Ms Trott, 83, who has lived in the area her entire life, said that the park used to be a desegregated haven for everyone and had been the venue for countless wedding receptions, funerals and birthday parties.
She added that the park, particularly a bathroom that had been there for decades, had been allowed to crumble and become an eyesore.
Ms Trott said: “Sometimes it brings back a tear because in my younger days – when I was maybe ten or 11 years old – I was up there washing dishes for people.”
“It pains me every time I enter that property, go to the top of that hill and look at that place.”
She added: “It’s devastating – the roof’s gone, everything’s gone.
“It’s an eyesore and it’s devastating to a lot of us who grew up there.”
Ms Trott, the daughter of former MP Wesley LeRoy Tucker, grew up in Spanish Point with two younger brothers, Wesley Myer Tucker and Gilbert Tucker.
She said that Admiralty Park had become the “centrepiece” of the Spanish Point area and was popular because of its striking view of North Shore.
Ms Trott added: “When people got married and left the church, they would come up to Admiralty House and have their wedding reception.
“When children had their birthdays the family would go up to Admiralty House because there was plenty of space for them to run and have a good time.”
Ms Trott said: “My mother was in charge of a charity – the Sunshine League – at that time and she would have tea parties up there raising money for the Sunshine League.
“In those days, we didn’t use paper plates or plastic plates – we had china plates and that meant we children had to wash all the dishes after those parties.”
Ms Trott added that Admiralty House was also one of the few desegregated parks on the island.
She said: “When I was growing up as a young girl there were a lot of places where we as Black people could not go, so Admiralty House was a space for White and Black people.
“Anybody could go up there.

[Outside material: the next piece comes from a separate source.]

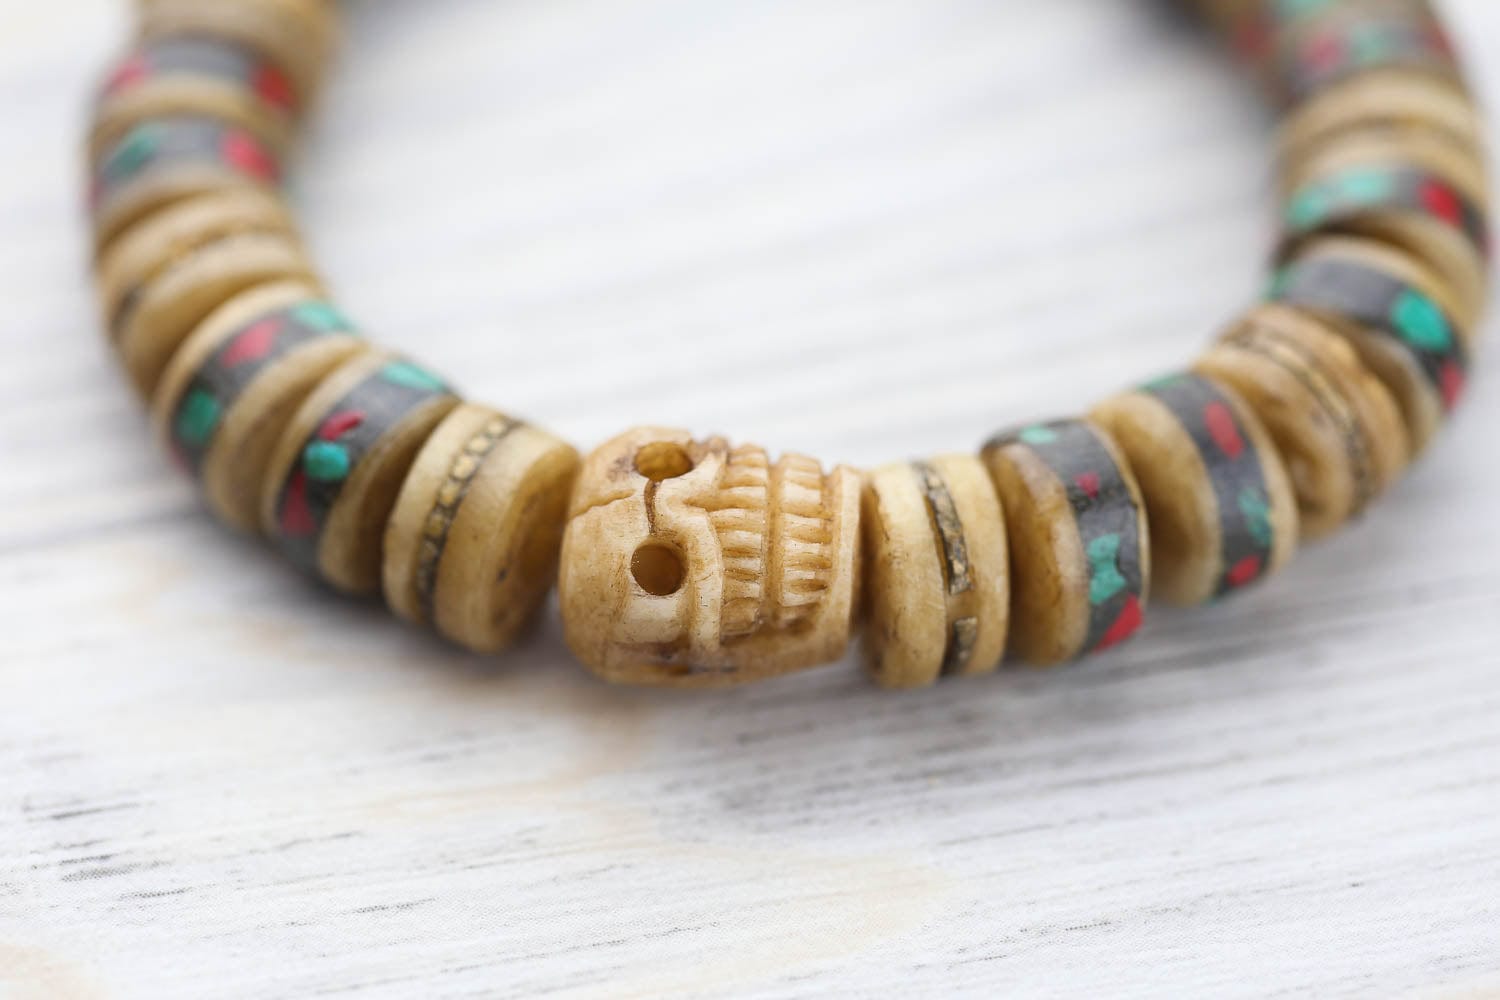 Bone w/Inlay Prayer Beads Mala - Nepal 12mm (NP544) - Happy Mango Beads

There was no discrimination up there at all and it was great for Black people because more of them went up there.
“There were never any problems, nobody had to call the police and everybody knew how to behave back then.”
Ms Trott added: “You’d meet all kinds of people from one end of the island to the other. They’d be swimming or attending functions. It was a very healthy time for us up there.
“It really was a very good space – and to be honest it’s a real miss.”
Ms Trott said that she started to notice a decline in the park around the 1980s when repairs appeared to have halted.
She explained: “I must have been like 40 or 45 when I noticed that the windows started to go and the roof started to cave in.
“Eventually, the Government had to put up a barricade around the whole building.”
Ms Trott added: “When I walk the dogs, I would walk all the way to the back of the building and all around the veranda, or I went and took the dogs down to the waterside.
“But it got to the point where I couldn’t do that any more – it became very dangerous because everything was falling down.”
Ms Trott appealed to the Government to refurbish the area and rent it out for private parties to help pay for renovations.
She said: “In my view the Government has lost a heck of a lot of money not renting it out for different occasions.
“I still can’t figure out why nobody has done anything about it.”
The Ministry of Public Works last year asked for expressions of interest to renovate and run the former Admiralty House ballroom.